= 1977 New Zealand National Soccer League =

The 1977 New Zealand National Soccer League was the eighth season of a nationwide round-robin club competition in New Zealand football. An expansion by two teams meant that it was the first year in which twelve teams took part. Prize money was significantly increased for the top three clubs, and the number of teams relegated increased from one to three, these being automatically replaced by the winners of the three regional leagues.

==Promotion and relegation==
With an expanded league, there was no promotion and relegation play-off series for 1977 league places. Gisborne City, relegated in 1976, returned to the regional league, and three new teams took their place. These were the winners of the northern, central, and southern leagues (Hamilton, Nelson United, and Dunedin City respectively).

==Team performance==
No one team dominated the 1977 league, which was won narrowly by North Shore United over Stop Out. Shore ran hot and cold, with a string of six wins early in the season followed by a string of lacklustre performances which saw them slide down the table. Hutt Valley's Stop Out showed a marked improvement from the previous season, when they only narrowly avoided relegation. Trans Tours Christchurch United also rebounded from the previous year's poor showing. Newcomers Hamilton (soccer) completed the top four. Two-thirds of the way through the season they were leading, but one win in their last seven games ended their title challenge.

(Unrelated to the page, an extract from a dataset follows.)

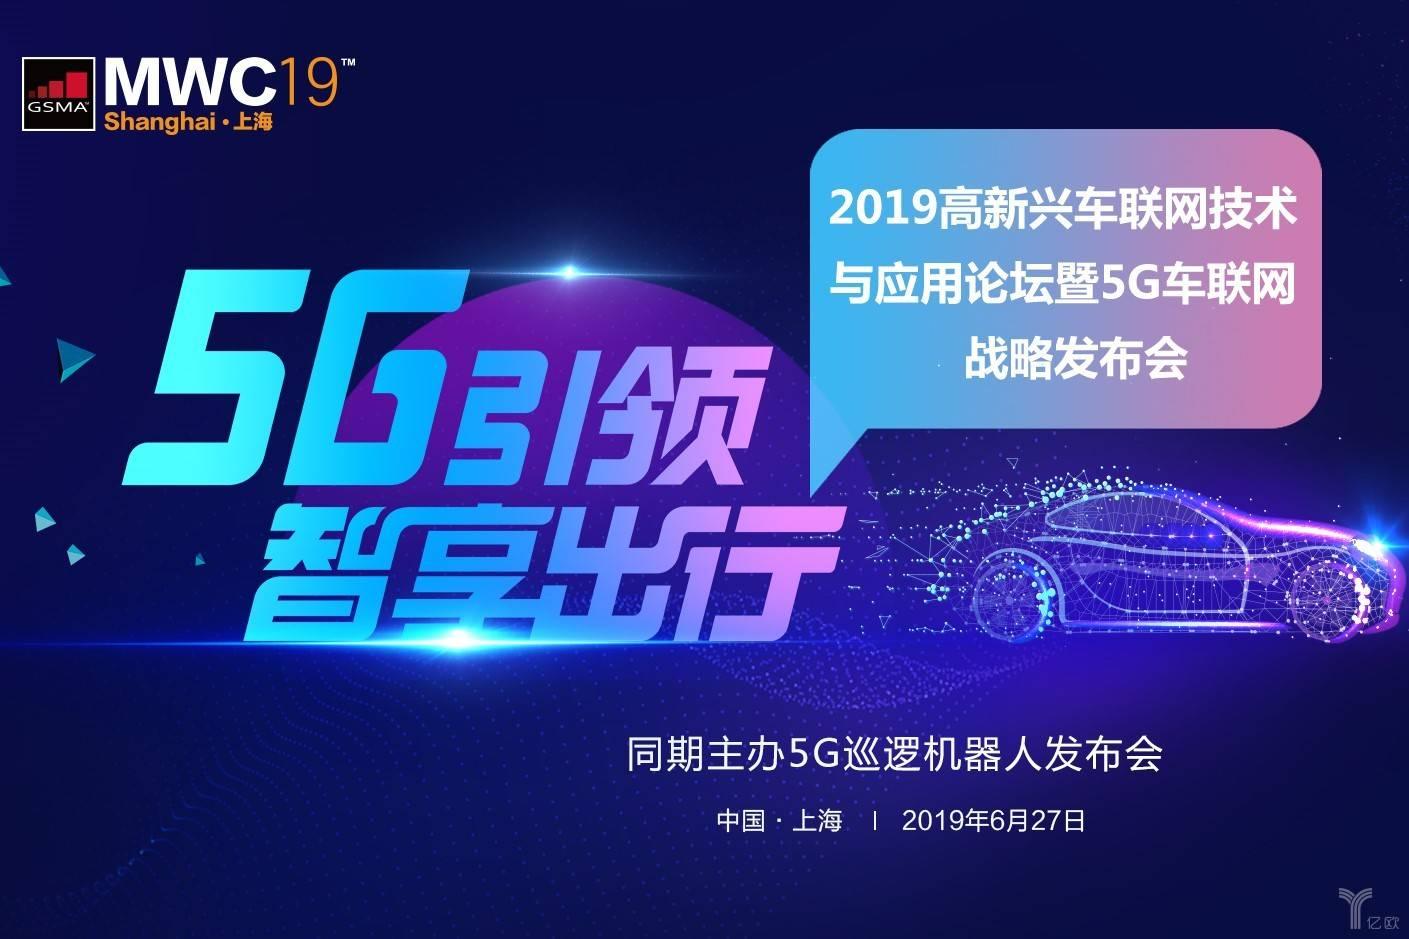 高新興,5G,車聯網,V2X,無人駕駛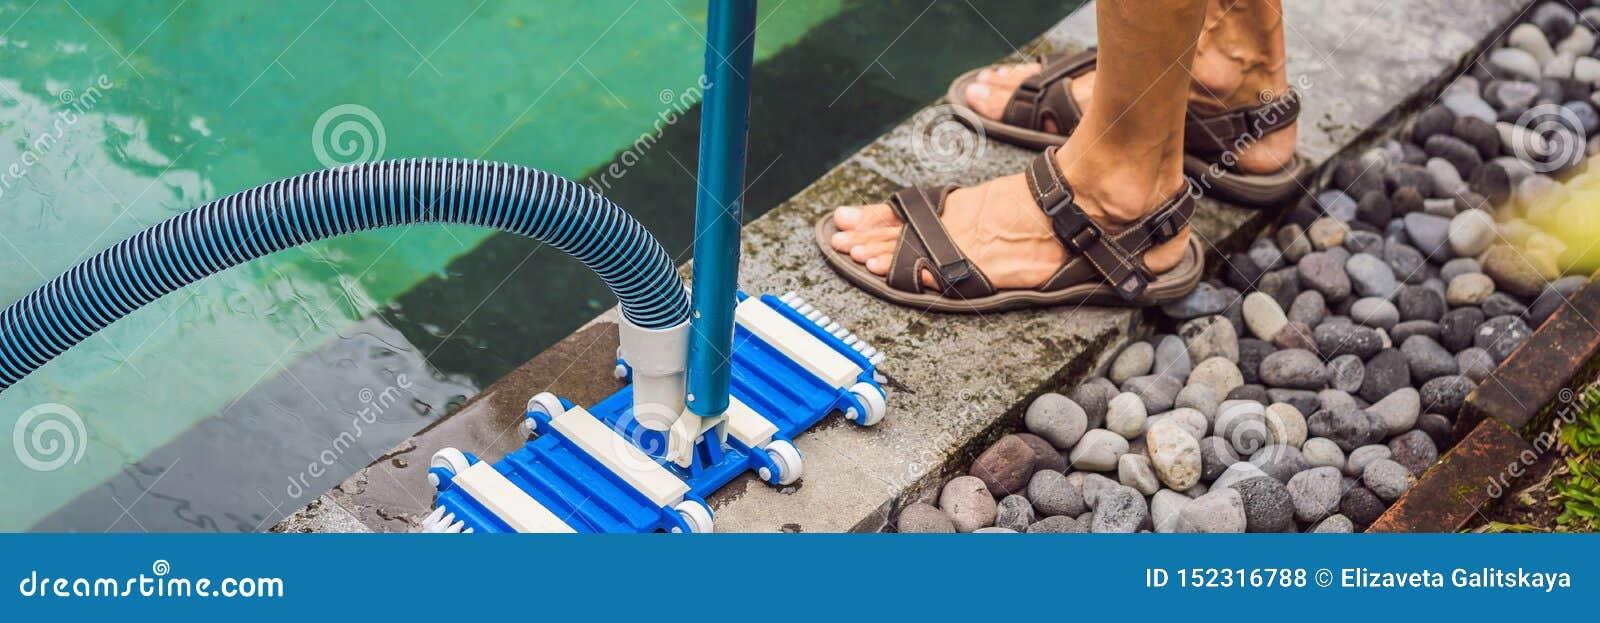 Poolvacuüm die flexibele slang op de poolbanner schoonmaken, LANG FORMAAT

Wellington Diamond United and Mount Wellington completed the top half of the table. WDU's season was highlighted by a 7-3 win over New Brighton, a goal aggregate record for the league up until that point. The Mount's season was badly affected by the loss of players to qualifying matches for the 1978 FIFA World Cup, and a goal drought late in the season cost them dearly. Nelson United started and ended the season brightly, but the middle of the season saw a disastrous run of ten matches without a win, leaving them seventh at the season's end. They were followed by Blockhouse Bay, who recorded their lowest league position yet, largely due to the loss of key players to other sides, notably Ian and Duncan Ormond, who had moved to North Shore and Stop out respectively.

Eastern Suburbs finished just above New Brighton, avoiding relegation only by way of a better goal ratio. This was largely the result of two big wins by Suburbs over the Seasiders in which they had scored eleven goals in total and only had three scored against them. It was a bad year for South Island sides other than Christchurch United — New Brighton were accompanied into the regional leagues by the two Dunedin sides, Dunedin City and Caversham. City were doomed by their terrible start to the season. Nine straight losses meant they were always going to have a struggle to catch up, and despite a very strong finish to the season they failed to make up the ground. Neighbours Caversham had as forgettable an end to the season as city's start to it, failing to find the net in their last eight games.

==League table==

| Pos | Team | Pld | W | D | L | GF | GA | GR | Pts |
|---|---|---|---|---|---|---|---|---|---|
| 1 | North Shore United (C) | 22 | 14 | 3 | 5 | 37 | 25 | 1.480 | 31 |
| 2 | Stop Out | 22 | 11 | 8 | 3 | 40 | 28 | 1.429 | 30 |
| 3 | Christchurch United | 22 | 9 | 9 | 4 | 32 | 17 | 1.882 | 27 |
| 4 | Melville United | 22 | 9 | 9 | 4 | 41 | 22 | 1.864 | 27 |
| 5 | Wellington United | 22 | 8 | 7 | 7 | 41 | 31 | 1.323 | 23 |
| 6 | Mount Wellington | 22 | 8 | 7 | 7 | 27 | 21 | 1.286 | 23 |
| 7 | Nelson United | 22 | 6 | 9 | 7 | 22 | 29 | 0.759 | 21 |
| 8 | Bay Olympic | 22 | 7 | 7 | 8 | 23 | 33 | 0.697 | 21 |
| 9 | Eastern Suburbs | 22 | 6 | 5 | 11 | 31 | 36 | 0.861 | 17 |
| 10 | New Brighton (R) | 22 | 5 | 7 | 10 | 24 | 36 | 0.667 | 17 |
| 11 | Dunedin City (R) | 22 | 5 | 7 | 10 | 19 | 30 | 0.633 | 17 |
| 12 | Caversham (R) | 22 | 3 | 4 | 15 | 14 | 43 | 0.326 | 10 |

==Sources==
- Hilton, T. (1991) An association with soccer. Auckland: The New Zealand Football Association. ISBN 0-473-01291-X.